The International Agency for Research on Cancer within the WHO determined glyphosate as a likely carcinogen to humans, after concluding that exposure to the chemical is genotoxic and can result in DNA damage and oxidative stress, two bodily mechanisms associated with carcinogens. The chemical itself also damages the communities in which it is sprayed; nearly 20% of all coca cultivation sites are in the Amazon Basin, a region with numerous indigenous populations. By damaging the livestock, soil, water, and air, glyphosate targets people who use the plant for traditional purposes.
Critics of glyphosate spraying have cited environmental concerns as well due to its carbon footprint. Elizabeth Tellman, a geographer at Columbia University’s Earth Institute, finds glyphosate counterproductive to preventing drug trafficking and unnecessarily expensive because “once the [first] fields are destroyed, the cartels [can] simply clear more forests elsewhere and plant new coca crops,” putting the already growing deforestation crisis in the Amazon Forest at even greater speeds.
Financially, the move to continue spraying glyphosate has been criticized as making little sense. To reach Colombia’s target goal of destroying the coca crops, costs would near $2 billion. If Colombia instead regulated the production of coca by purchasing the leaf harvests, the costs would be around $700 million. Opponents of glyphosate spraying argue that regulating the cocaine industry in this way would reduce cartel profits and minimize the demand for the illicit drug since it would be obtained from a regulated source and no longer sold on the black market, thus devaluing the product and cartel profit margins.
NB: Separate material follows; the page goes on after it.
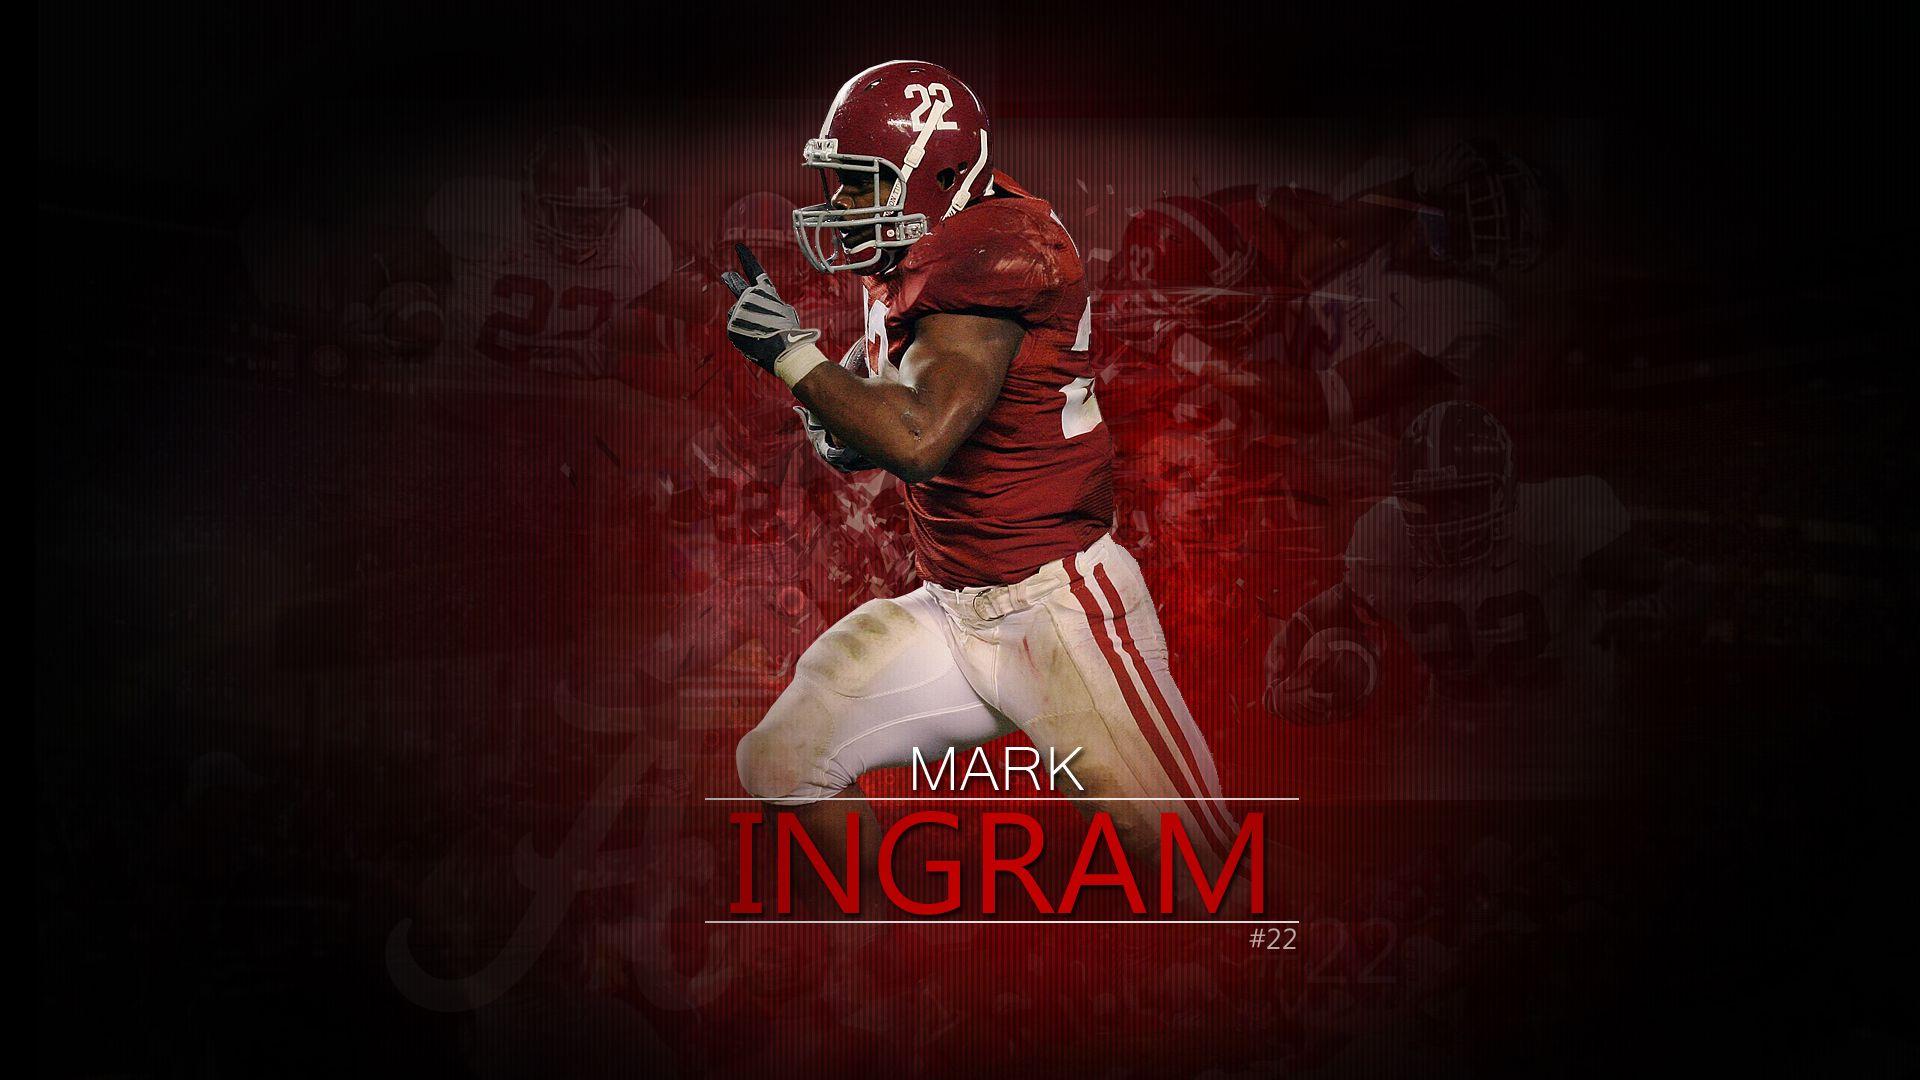 Mark Ingram Yea Alabama Yall Ready To Rolllll Tide Football 1920x1080

Even historically, glyphosate spraying was found to not be economically viable. A 2015 analysis from the Brookings Institute evaluated the cost effectiveness of aerial spraying in Plan Colombia, deeming it to be unviable. The study noted that because of the 4.2% effectiveness rate of glyphosate, 32 hectares need to be sprayed in order to eliminate one hectare of coca. Calculating for the costs of the glyphosate itself, the plane, protective equipment, etc., the cost of destroying one hectare of coca amounts to around $57,150, significantly exceeding the price of coca leaves generated from one hectare’s worth at $450.
Though the United States is the biggest consumer of cocaine and its main destination, critics of glyphosate spraying note that the U.S. should contribute more to the anti-cocaine efforts and not solely subject Colombia to the harsh timeline. U.S. pressure on Duque’s administration to resume aerial spraying is potentially attributed to the U.S. Environmental Protection Agency’s recent finding that glyphosate has no carcinogenic risk to humans, which contradicts the findings of the World Health Organization and International Agency for Research on Cancer. Some speculate the EPA findings may have been influenced by lobbying.
Due to the COVID-19 pandemic, the exact date the aerial spraying will restart has not been provided. Perhaps now is the time for the United States to help Colombia address this issuing a more thoughtful manner.